Artist Mattin-Laurent Partarrieu - All art work available, signed limited edition prints. Mattin-Laurent Partarrieu is a painter of Basque origin, who dared to break with the traditional ways of the Basque artists who preceded him. He left his home of Hasparren in the south west of France for Paris, at the age of 4, yet that was enough time for the landscape and the people to be ingrained in his memory forever.
He remains very attached to the soul and traditions of the Basque Country - references feature often in his work, and he is passionate for the popular Basque sport of Pelote.

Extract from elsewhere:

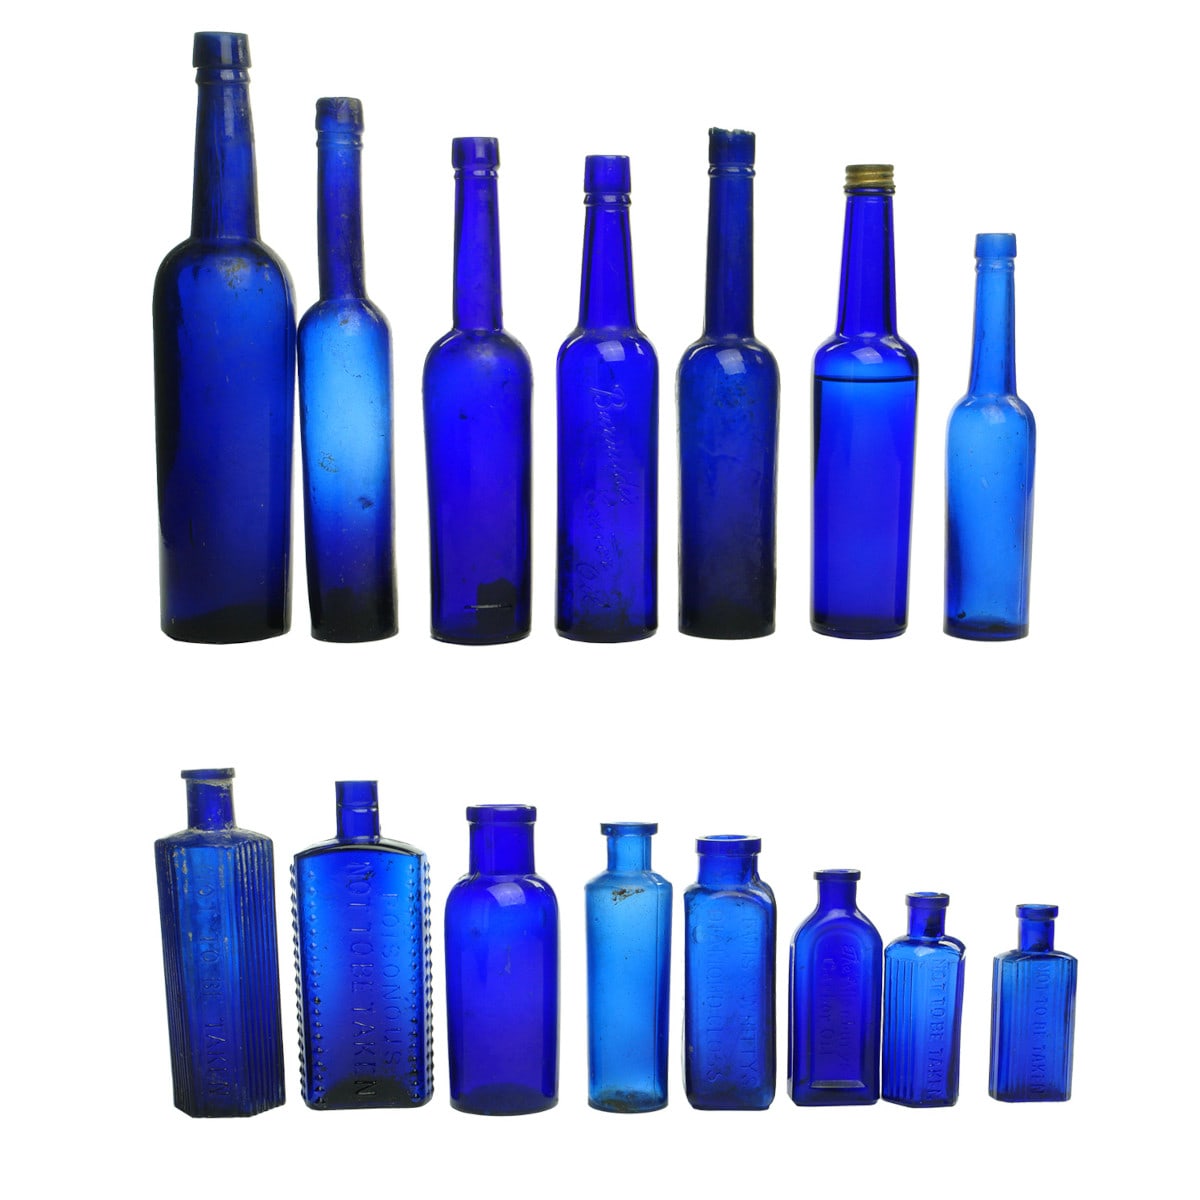 15 Cobalt Blue Bottles: Castor Oils; Allen & Hanbury's; Poisons, Made in Japan; Lewis & Whitty's; Plain Jars.

The first painting that he created as a pre-adolescent child caused a tornado of discussions and commentaries by the French intellectual elite of the 50s, and celebrated authors proclaimed his work as a masterpiece worthy of a veteran. There is something sad about his story however. A boy eager to defend and uphold the principles of his people, but whose journey cost him his Basque identity.
As well as belonging to two very different environments
that make up his country, he is also a commentator and contributor to the country as a whole. If his work is a social commentary, is it intended to highlight social similarities and divergences? Does he try to translate relations or possible exchanges between the two methods of life - the one of the capital and the one of his deep roots? How does the rough compare to the refined? By combining the two he is able to excel from his cross-cultural, multi-faceted platform.
His work is a very personal expression, of freedom and of extreme vitality, with the power of audacity. His art either seizes upon everything beautiful or astonishing that he is presented with, or it chooses elements from deep within the reserves of his Basque genealogy, experiences, and inherent characteristics. The combination enables him to gather such a quantity of strong visual imagery.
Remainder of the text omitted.